The bank usually has an interest in not letting the thing fall through... And a lot can have changed in 10 years...
- Salary increase
- Partner m/f/d is working full-time again
Two weeks ago, a divorce house from 2021 was online for 4 days... A colleague was the first to view it at 9 - the second appointment bought it without negotiating. It wasn’t a bargain but not outrageous either... Properties are still being sold well...
And when I see that with KFW there is up to 150k for 0.01%, the so-called grandma’s house for 120k purchase in the countryside also becomes interesting because it still stands on 1300sqm instead of 450...
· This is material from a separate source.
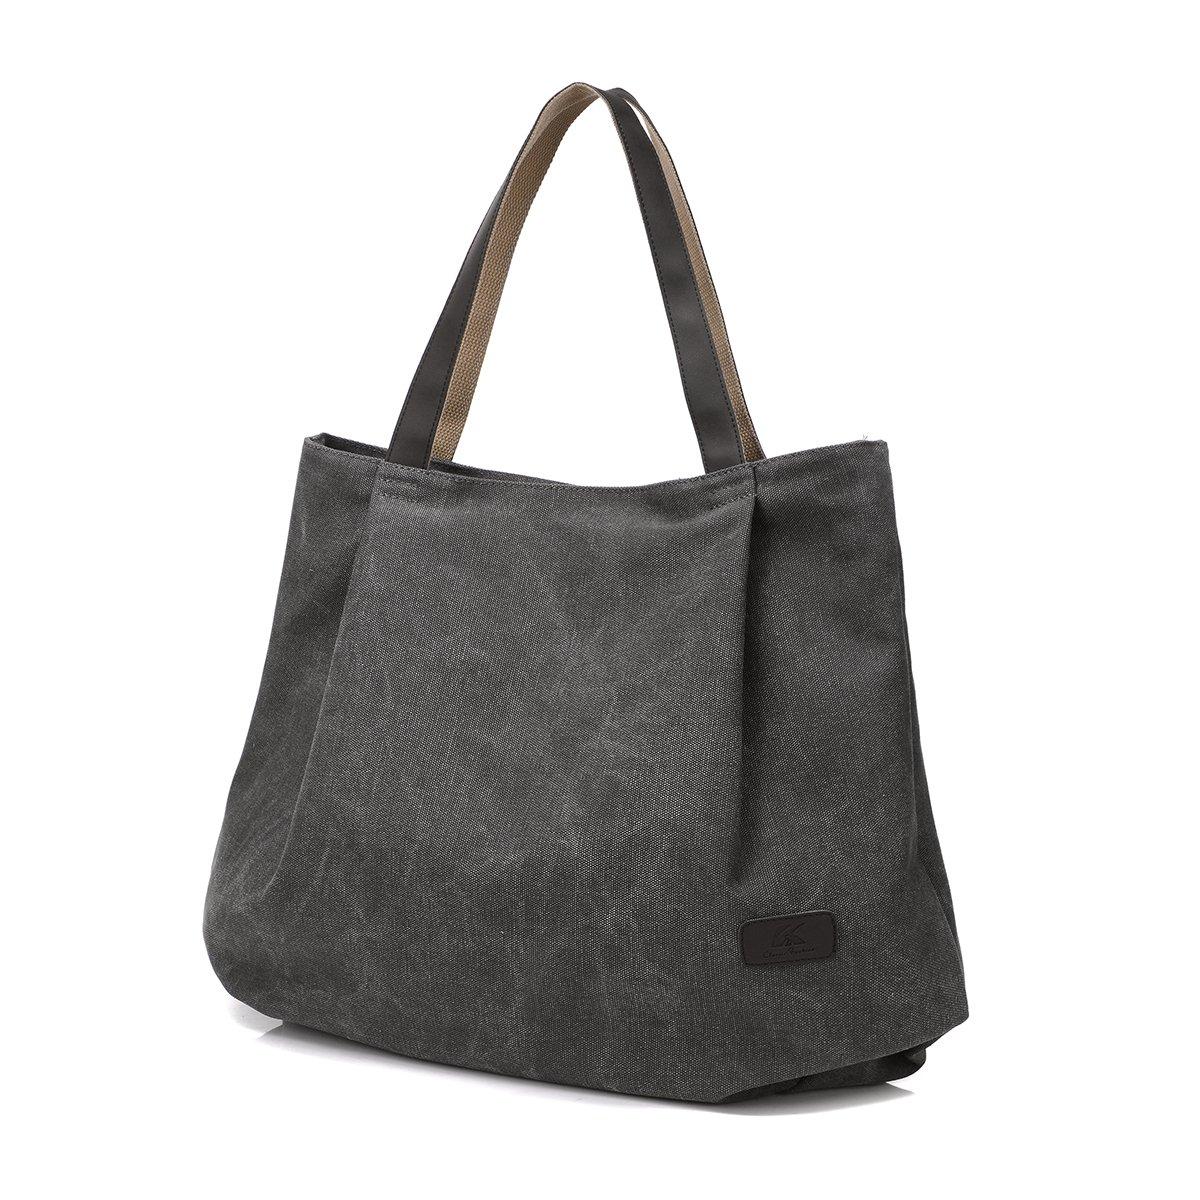 Qflmy Retro Hobo Style Qflmy Women's Canvas Casual Handbag Shoulder Bag Messenger Bag (Gray)
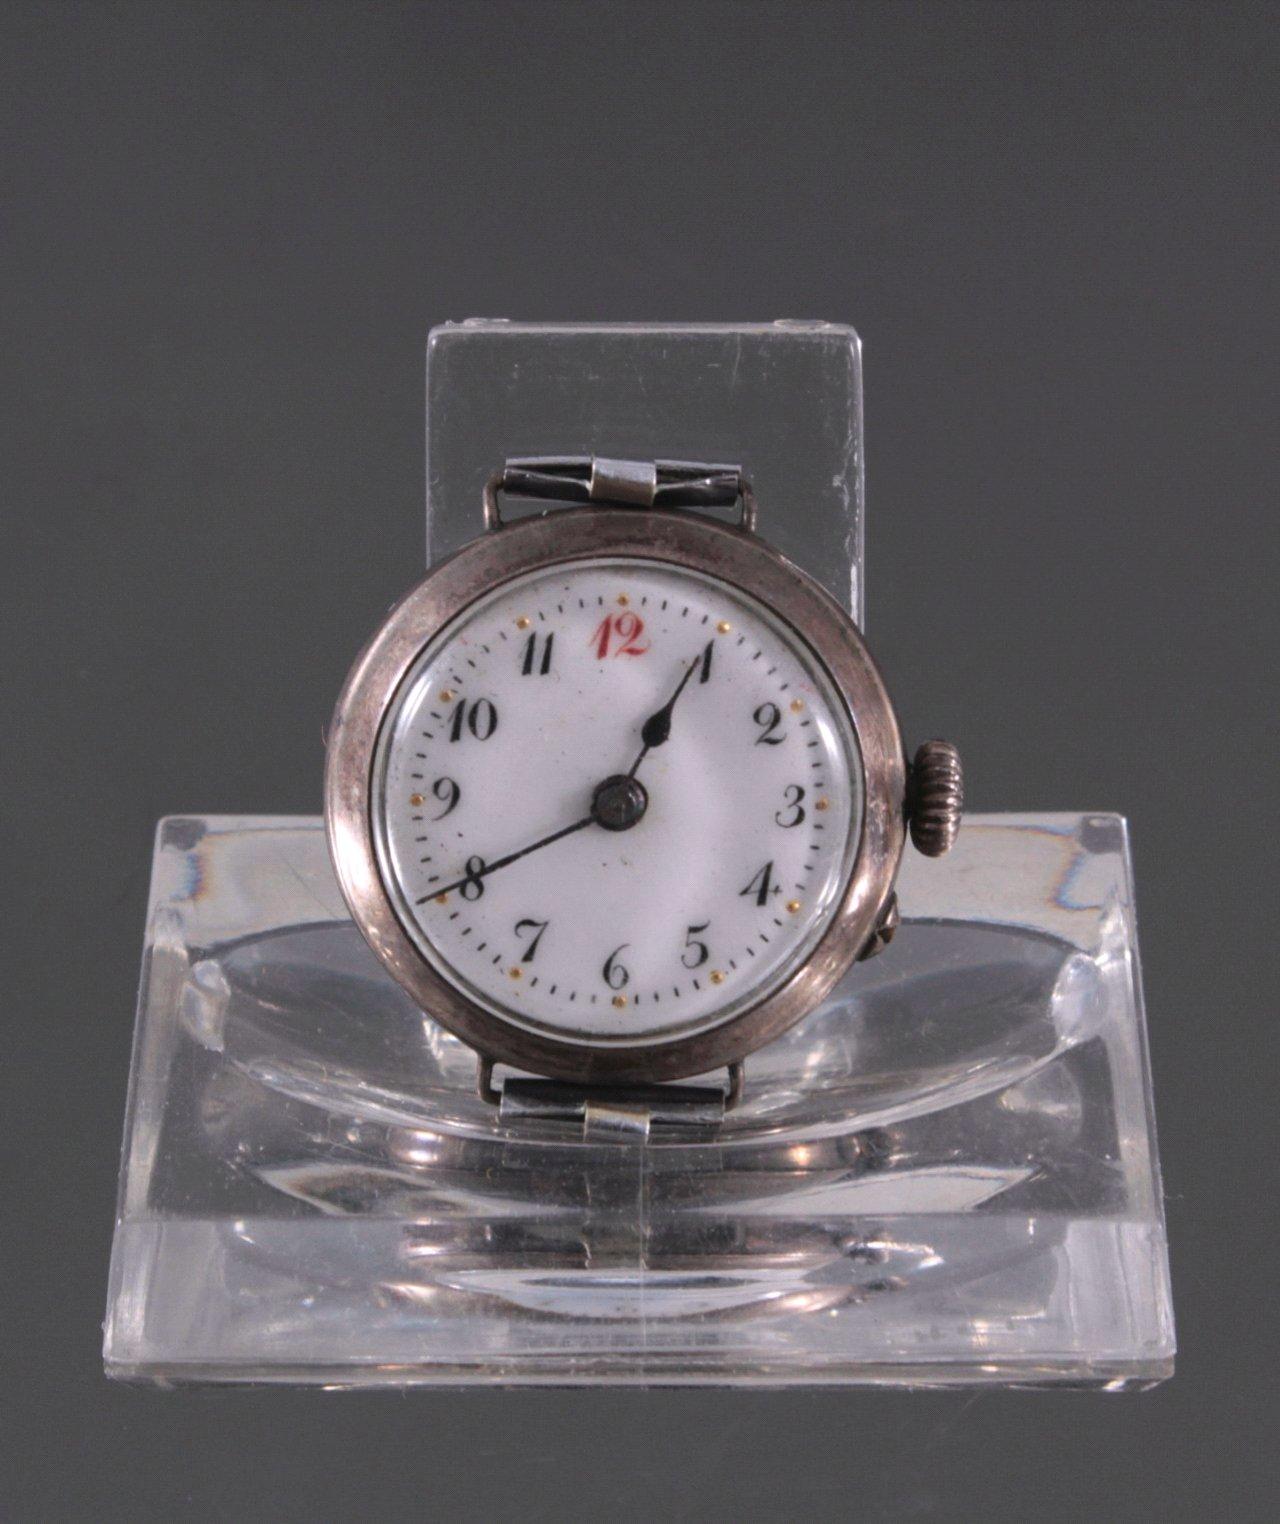 Damen Armbanduhr um 1900

Your first "argument" only counts in good weather phases. When prices come under pressure and the banks themselves too, no one cares about the "no interest in foreclosure." But why should banks already be having problems? And certainly they have not heavily exposed themselves with real estate loans at peak prices that can no longer be achieved in foreclosure.
Properties are simply no longer being "well" sold—the market has collapsed, down 50% year over year in terms of financing. Even Sylt is now being mentioned in the media along with price declines. Whether your mentioned house is "sold" you only know once it doesn’t reappear. The quick bidders still have to go to the bank—interest rates > 4% are currently in effect, and contrary to your assumption, 5% is expected by year-end. Inflation remains high; 3% is far off.
The KFW loan is for new construction, Kfw40+QLN, with €15,000 + appraisal costs. You won’t get that for your grandma’s house. The EU has set the course for the grandma’s house today; it certainly won’t be cheap.